Gravwell 5.4.0 introduces alerts, a new feature that makes it easier to take automated actions based on the results of scheduled searches. Users define scheduled searches whose results they wish to take action on; when those searches generate events, one or more flows will be executed to process those events. In this post we'll discuss exactly what makes up an alert, then we'll take a look at a real alert we've been using on Gravwell infrastructure.
Since introducing flows, we've seen a lot of users repeating a basic pattern: they define a flow which runs a query, checks if there were any results, and then takes some action if there were results: send an email, create a ticket, notify in Slack, etc. Although it works fine, it means you end up with dozens of flows that all look more or less identical – and if you want to modify e.g. the recipient of an email, it means walking through each flow to update it!
Alerts basically formalize this pattern in a way that avoids needless duplication. An alert links one or more scheduled searches to one or more flows. When any scheduled search runs and returns results, those results are considered alert events. The events are ingested to a user-selected tag along with metadata, then every consumer is run once per event.

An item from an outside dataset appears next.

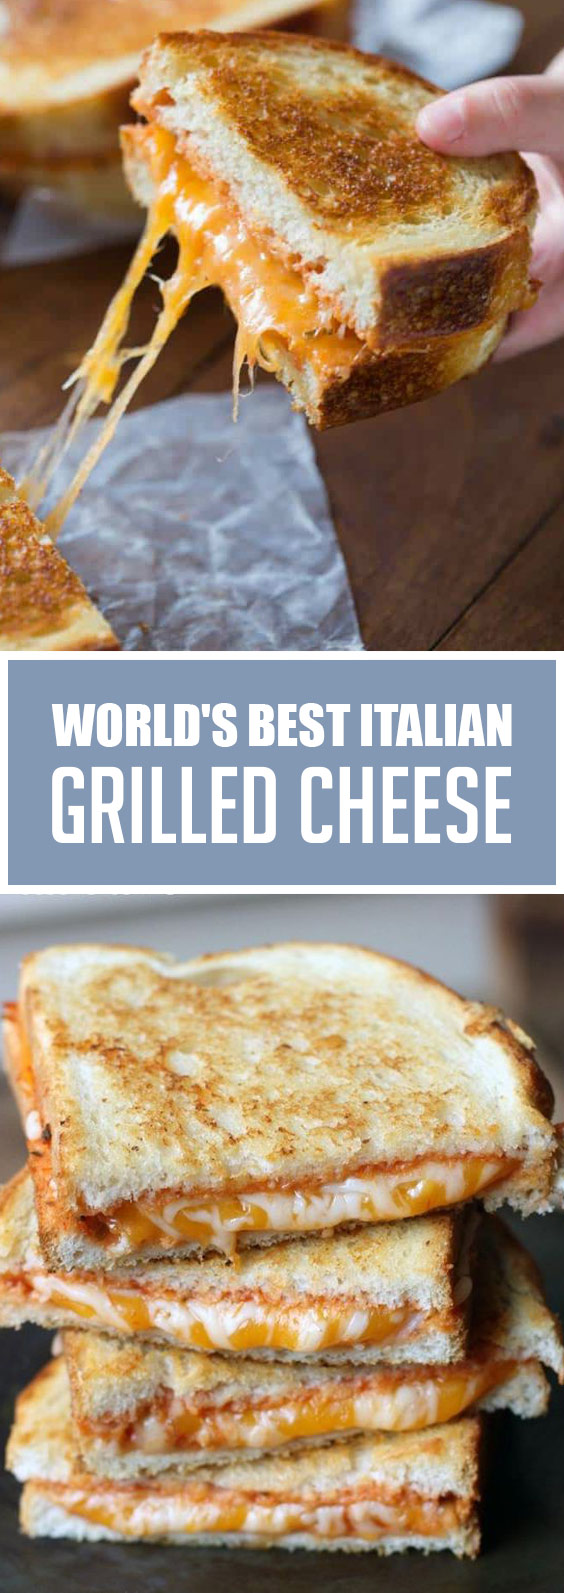 Worlds Best Italian Grilled Cheese #sandwiches #grilledcheese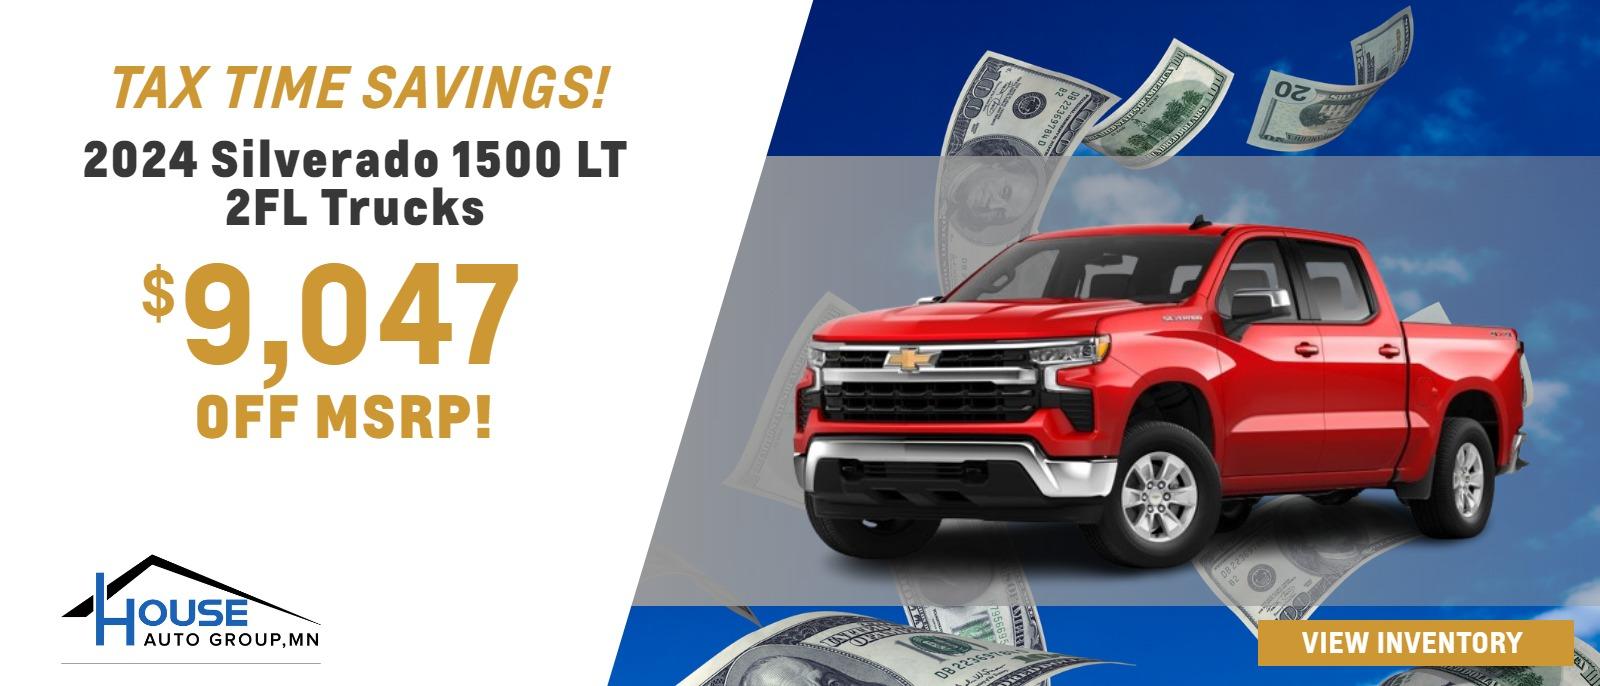 2024 Silverado 1500 LT 2FL Trucks - $9,047 Off MSRP! (Includes $2,500 bonus for owners/lessees of 2010 or newer Chevrolet models and $1,000 trade-in bonus for 2010 or newer vehicle.)

These concepts become much more obvious when you look at a real event, so let's do that – but first, here's some basic terminology you can reference as we go along:
Now let's take a look at a real alert. We use this alert to monitor some of our company infrastructure at Gravwell:
There's a lot going on, so let's break it down. First off, there's the set of Dispatchers on the left:
These are three scheduled searches which detect brute-force login attempts against our Gravwell cluster, failed logins to our AWS accounts, and logins to our AWS accounts that originated outside the US. Here's the query which detects brute-force logins:
tag=gravwell syslog Message == "Authentication failure" Structured[gw@1].host Structured[gw@1].user Appname == webserver Hostname
| stats count by user Hostname host
| eval (count > 3)
| geoip host.CountryName
| printf -e message "Potential brute force login attempt on %s for user %s from %s (%s). %d attempts" Hostname user host CountryName count
| enrich critical false level low
| alias TIMESTAMP timestamp
| table -nt TIMESTAMP level critical message
Note how it builds up a user-friendly message, and uses the enrich module to set critical=false and level=low. Those three fields correspond to the fields defined in the Validation section of the alert definition:
Validation is an optional (but highly recommended) way to ensure that all of your dispatchers produce similar-looking results. All three dispatcher queries have fields named message, level, and critical in their outputs. If one didn't, there would be a warning message next to it in the dispatcher column.
Because all three dispatchers produce similar-looking results, we can use the same simple flow to process events from any one of the dispatchers. In this alert, we've defined only one Consumer, but we could add another one which e.g. sends an email; any time events are generated, both consumers would be executed.
The flow itself is very simple: it uses the Text Template node to build up a message, then sends it to our internal chat server with the Mattermost node:
Note how the template references .event.Contents.critical, .event.Contents.message, and .event.Contents.level; these are the three fields we guaranteed each dispatcher would include in its events.
Finally, note that the alert is configured to ingest events into the _alerts tag. It will only process up to 16 results from any given execution of the dispatcher; this is intended to avoid a flood of notifications if something unexpected occurs.
Let's see what happens when we trigger the alert by attempting a "brute force" login against the Gravwell system, purposefully failing to log in as "admin" several times.
Our first indication that the alert actually triggered comes from a message on the internal Mattermost channel:
If we look in the tag specified on the alert definition, we can find the event that was ingested; note that Gravwell ingests not only the results of the query but metadata about which alert was triggered, which dispatcher triggered it, and which consumers were run.
If the search which looks for failed AWS logins fired instead, the same flow would execute and post a similar message to our Mattermost channel; a similar-looking event would be ingested into the same tag.